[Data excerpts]
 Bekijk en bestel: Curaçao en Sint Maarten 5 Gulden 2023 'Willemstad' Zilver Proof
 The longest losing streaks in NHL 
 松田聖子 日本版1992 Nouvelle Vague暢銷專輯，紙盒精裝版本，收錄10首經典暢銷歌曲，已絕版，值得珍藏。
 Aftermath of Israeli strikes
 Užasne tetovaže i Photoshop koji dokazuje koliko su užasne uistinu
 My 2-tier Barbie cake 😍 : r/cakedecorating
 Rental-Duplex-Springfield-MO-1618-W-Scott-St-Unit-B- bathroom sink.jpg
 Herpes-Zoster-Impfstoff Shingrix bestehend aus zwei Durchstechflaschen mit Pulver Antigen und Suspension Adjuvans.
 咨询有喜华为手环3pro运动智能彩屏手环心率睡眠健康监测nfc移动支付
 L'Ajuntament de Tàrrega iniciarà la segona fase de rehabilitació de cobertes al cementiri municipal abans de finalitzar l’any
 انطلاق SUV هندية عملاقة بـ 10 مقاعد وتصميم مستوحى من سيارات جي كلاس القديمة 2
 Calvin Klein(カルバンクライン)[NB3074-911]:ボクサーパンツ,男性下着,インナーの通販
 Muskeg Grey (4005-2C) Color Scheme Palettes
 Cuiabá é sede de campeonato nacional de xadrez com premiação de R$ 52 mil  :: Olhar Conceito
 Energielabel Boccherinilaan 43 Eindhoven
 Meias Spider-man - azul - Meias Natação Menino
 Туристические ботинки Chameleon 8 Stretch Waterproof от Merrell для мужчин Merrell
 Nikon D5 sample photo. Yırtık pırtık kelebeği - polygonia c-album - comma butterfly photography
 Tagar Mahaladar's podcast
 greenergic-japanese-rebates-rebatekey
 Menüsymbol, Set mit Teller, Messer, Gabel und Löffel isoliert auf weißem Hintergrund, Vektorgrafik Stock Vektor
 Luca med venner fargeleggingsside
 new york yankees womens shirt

**WHAT THIS TASK INVOLVES:** Copy every entry exactly; no part may be left out.

**THE COMPLETED TASK:**
 Bekijk en bestel: Curaçao en Sint Maarten 5 Gulden 2023 'Willemstad' Zilver Proof
 The longest losing streaks in NHL 
 松田聖子 日本版1992 Nouvelle Vague暢銷專輯，紙盒精裝版本，收錄10首經典暢銷歌曲，已絕版，值得珍藏。
 Aftermath of Israeli strikes
 Užasne tetovaže i Photoshop koji dokazuje koliko su užasne uistinu
 My 2-tier Barbie cake 😍 : r/cakedecorating
 Rental-Duplex-Springfield-MO-1618-W-Scott-St-Unit-B- bathroom sink.jpg
 Herpes-Zoster-Impfstoff Shingrix bestehend aus zwei Durchstechflaschen mit Pulver Antigen und Suspension Adjuvans.
 咨询有喜华为手环3pro运动智能彩屏手环心率睡眠健康监测nfc移动支付
 L'Ajuntament de Tàrrega iniciarà la segona fase de rehabilitació de cobertes al cementiri municipal abans de finalitzar l’any
 انطلاق SUV هندية عملاقة بـ 10 مقاعد وتصميم مستوحى من سيارات جي كلاس القديمة 2
 Calvin Klein(カルバンクライン)[NB3074-911]:ボクサーパンツ,男性下着,インナーの通販
 Muskeg Grey (4005-2C) Color Scheme Palettes
 Cuiabá é sede de campeonato nacional de xadrez com premiação de R$ 52 mil  :: Olhar Conceito
 Energielabel Boccherinilaan 43 Eindhoven
 Meias Spider-man - azul - Meias Natação Menino
 Туристические ботинки Chameleon 8 Stretch Waterproof от Merrell для мужчин Merrell
 Nikon D5 sample photo. Yırtık pırtık kelebeği - polygonia c-album - comma butterfly photography
 Tagar Mahaladar's podcast
 greenergic-japanese-rebates-rebatekey
 Menüsymbol, Set mit Teller, Messer, Gabel und Löffel isoliert auf weißem Hintergrund, Vektorgrafik Stock Vektor
 Luca med venner fargeleggingsside
 new york yankees womens shirt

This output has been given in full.